* WHAT YOU ARE ASKED TO DO *
Reproduce the material below only from the line with "Picture of East" to the line with "Dehumidifier Commercial With", both included, keeping each line exact and dropping the pictures.

[[ MATERIAL PROVIDED, beginning ]]

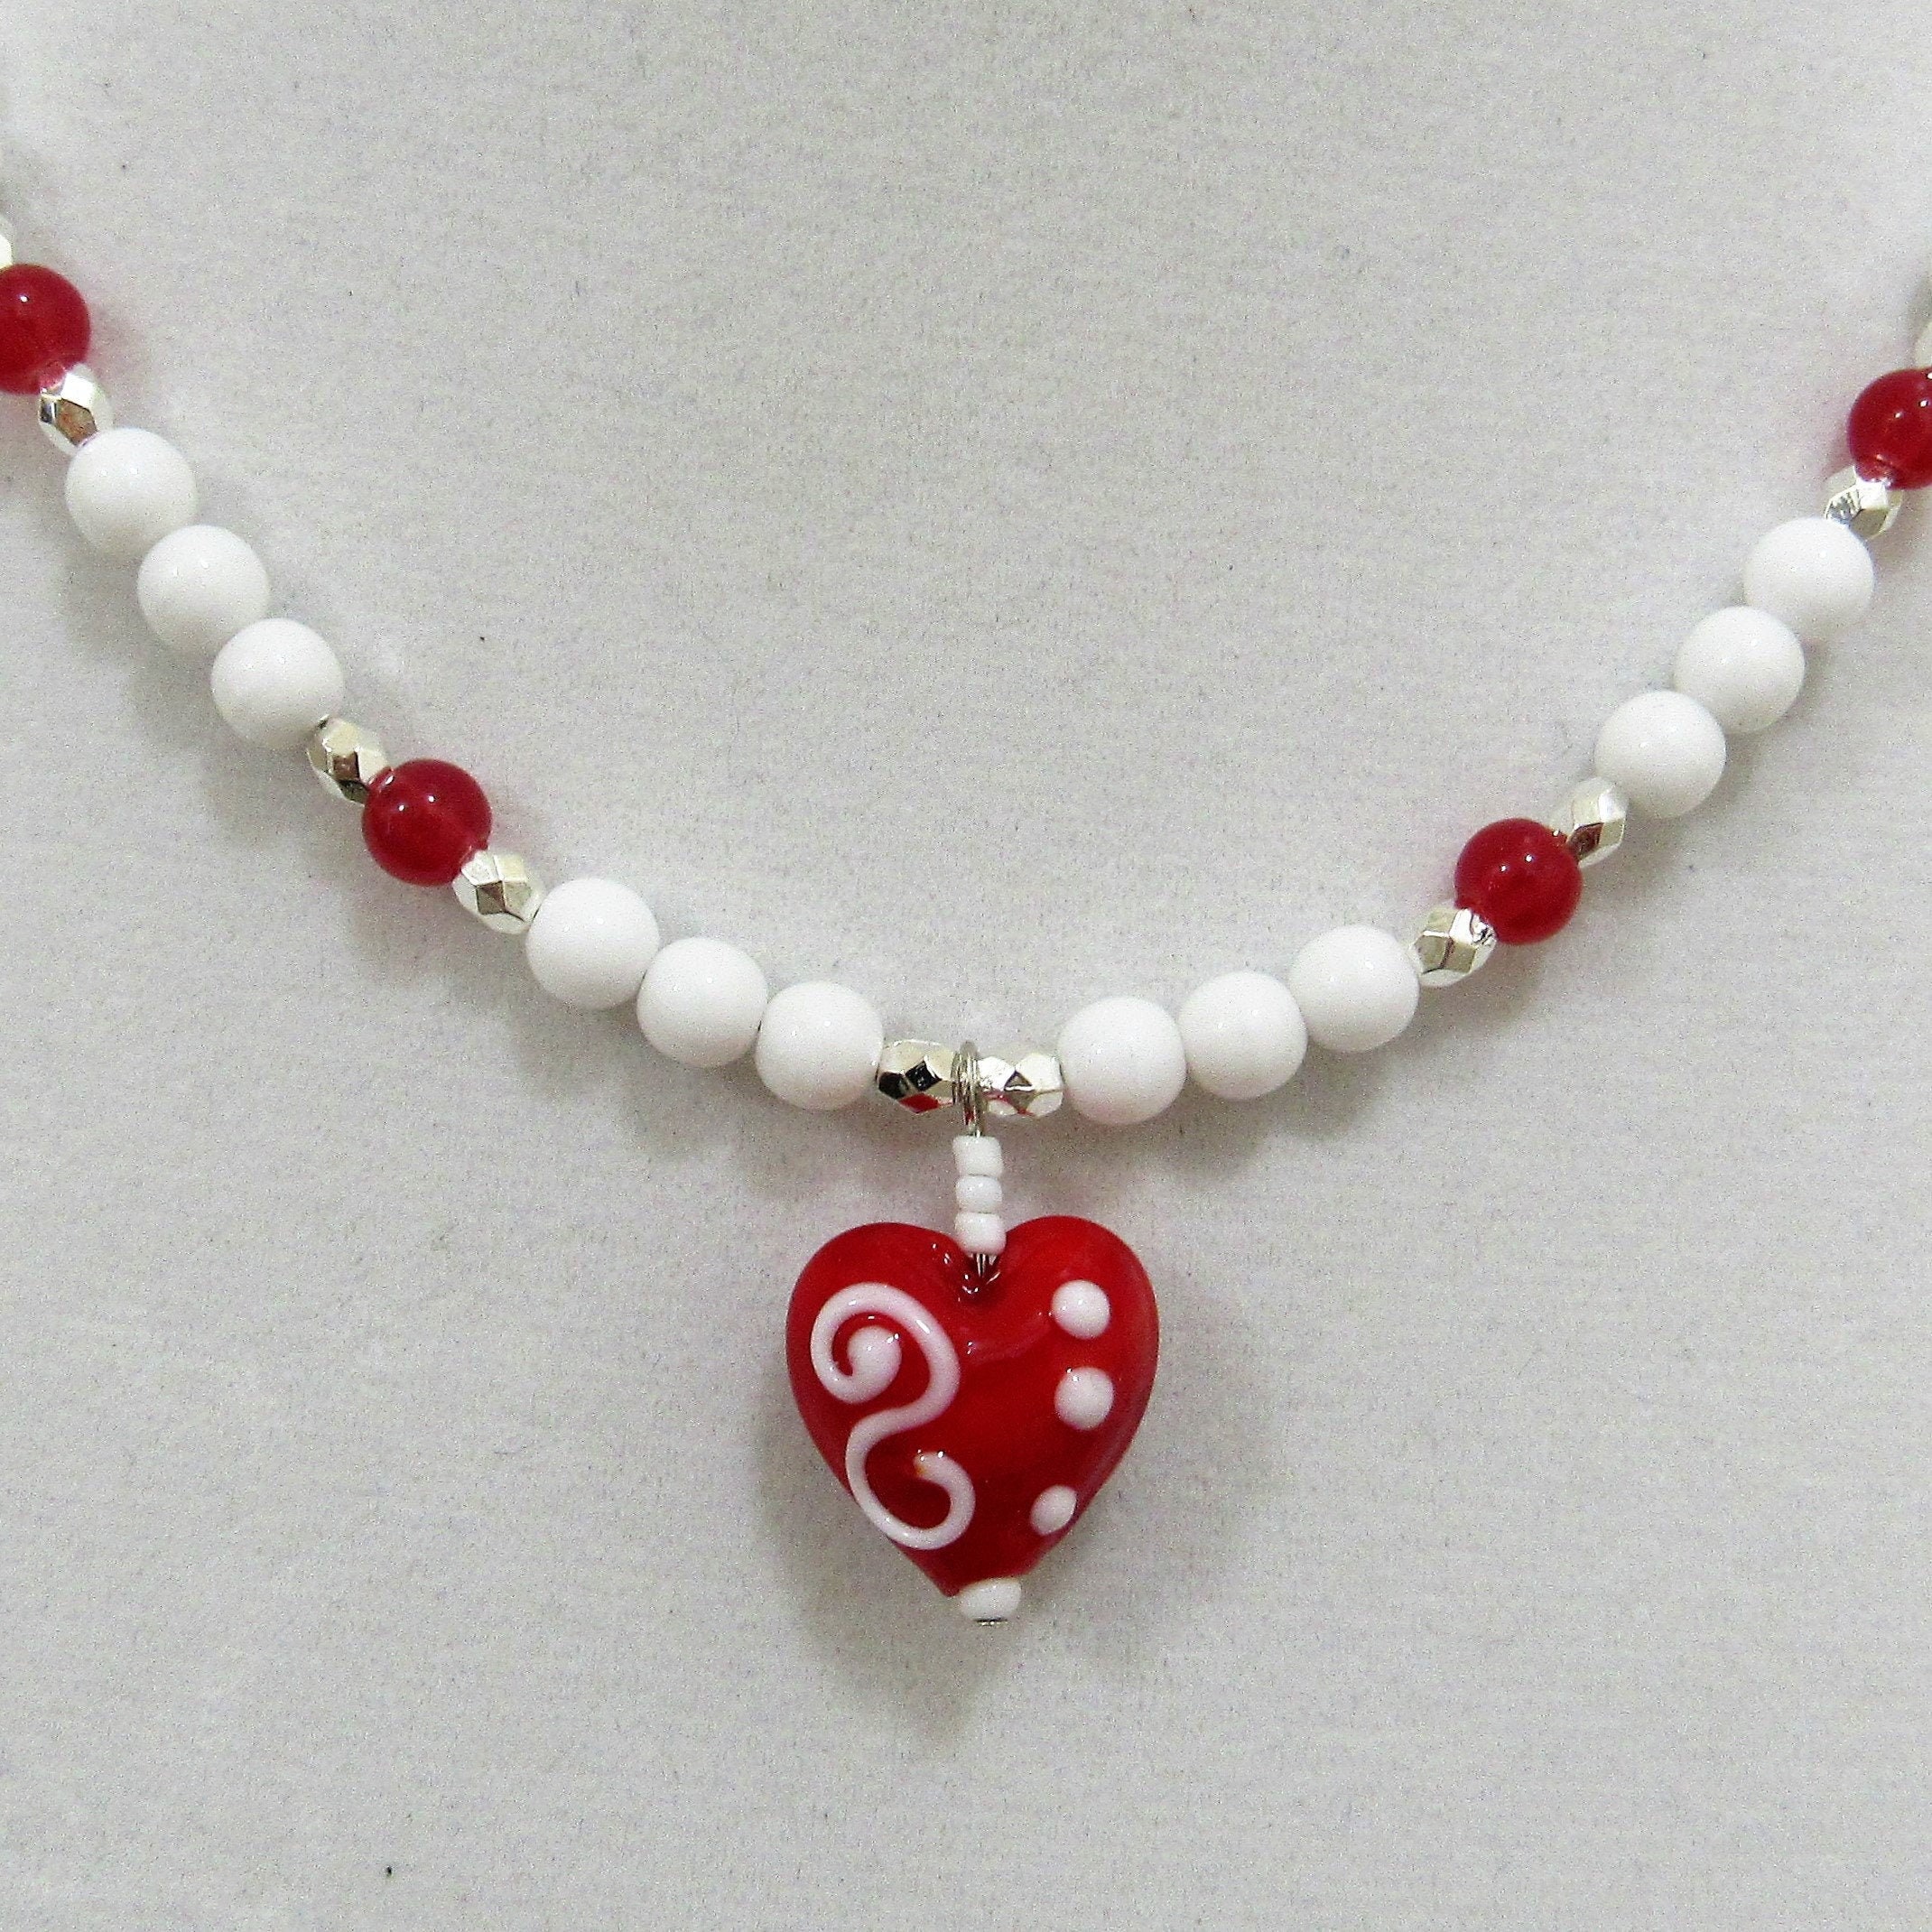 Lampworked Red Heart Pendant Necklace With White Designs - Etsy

[[ MATERIAL PROVIDED, end ]]
[[ MATERIAL PROVIDED, beginning ]]

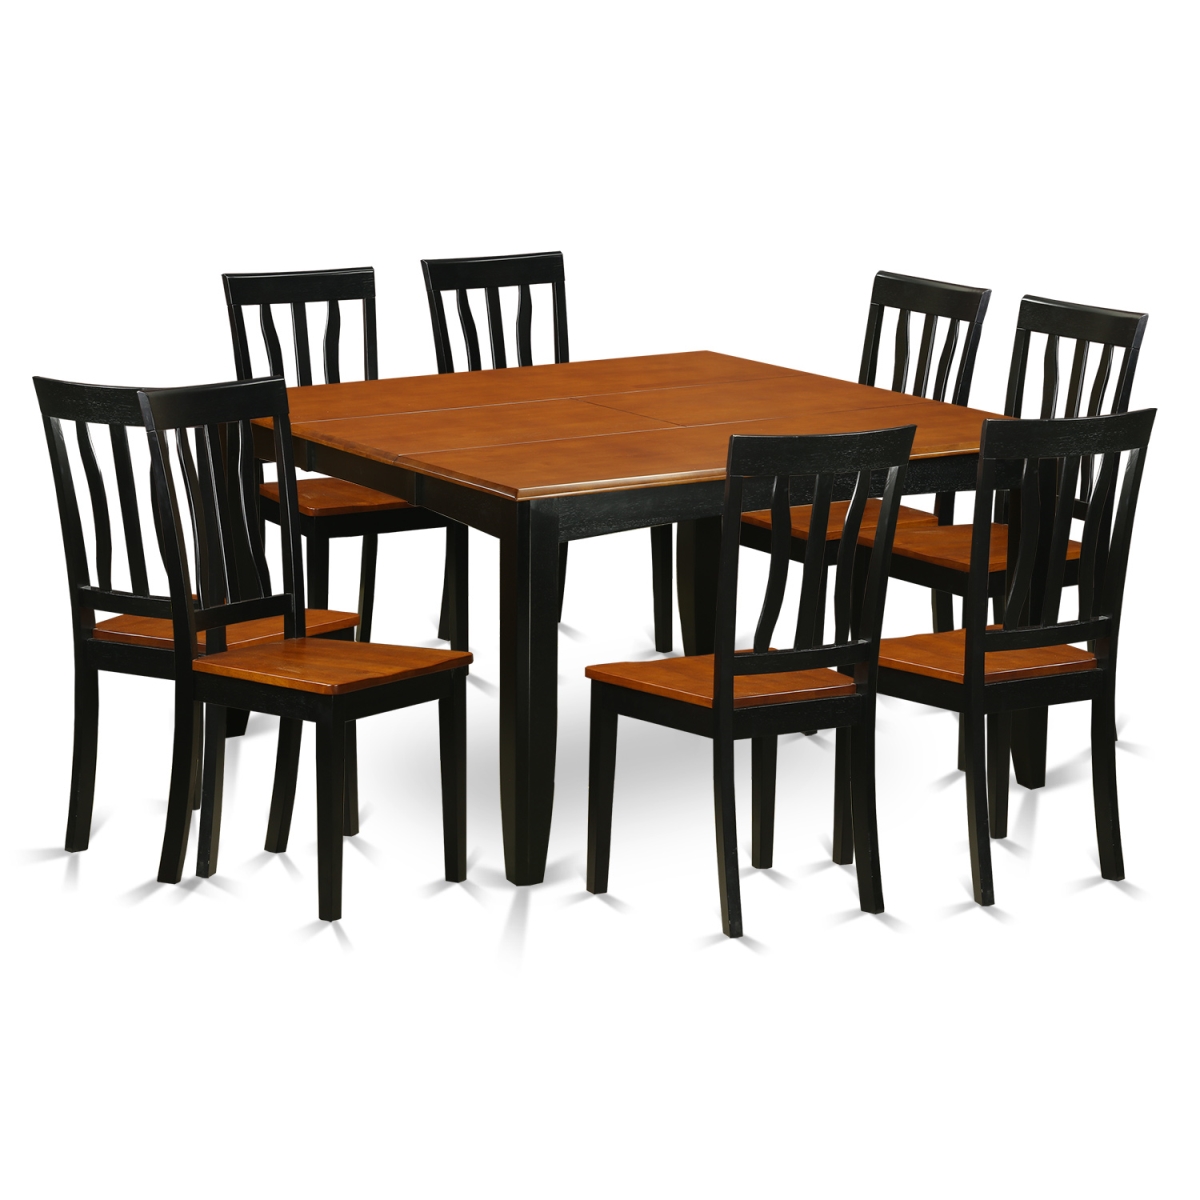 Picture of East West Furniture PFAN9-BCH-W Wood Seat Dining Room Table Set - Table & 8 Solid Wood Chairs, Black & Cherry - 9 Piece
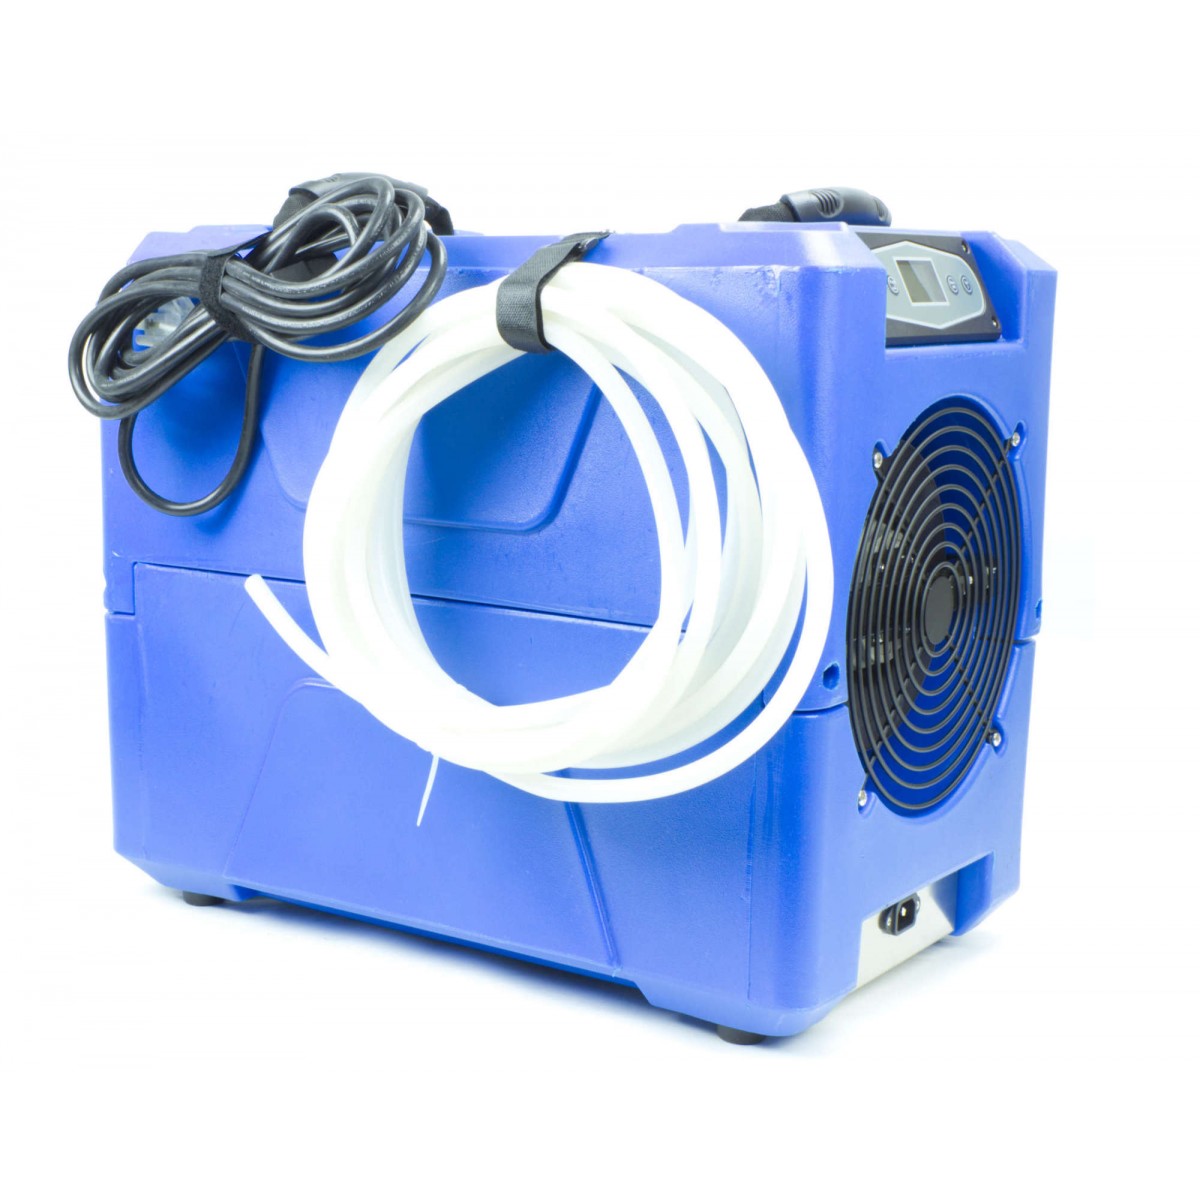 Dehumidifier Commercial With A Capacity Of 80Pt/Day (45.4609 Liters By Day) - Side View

[[ MATERIAL PROVIDED, end ]]
[[ MATERIAL PROVIDED, beginning ]]

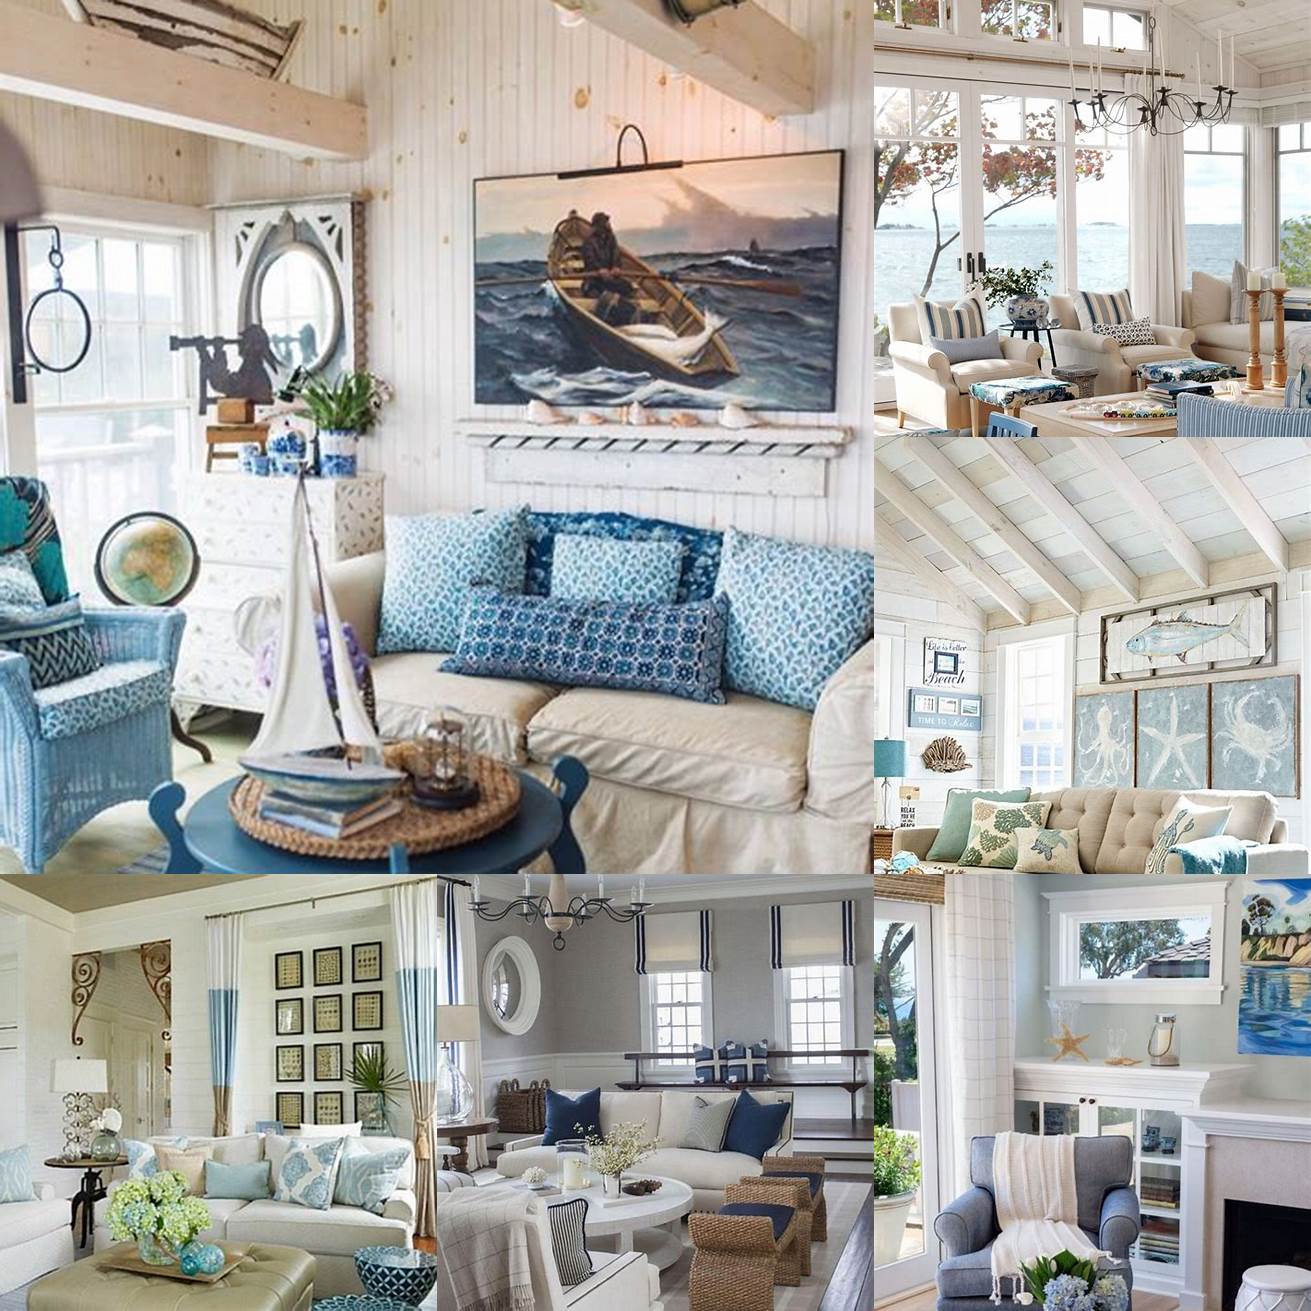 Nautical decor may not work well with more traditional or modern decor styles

[[ MATERIAL PROVIDED, end ]]

* OUTPUT OF THE TASK *
 Picture of East West Furniture PFAN9-BCH-W Wood Seat Dining Room Table Set - Table & 8 Solid Wood Chairs, Black & Cherry - 9 Piece
 Dehumidifier Commercial With A Capacity Of 80Pt/Day (45.4609 Liters By Day) - Side View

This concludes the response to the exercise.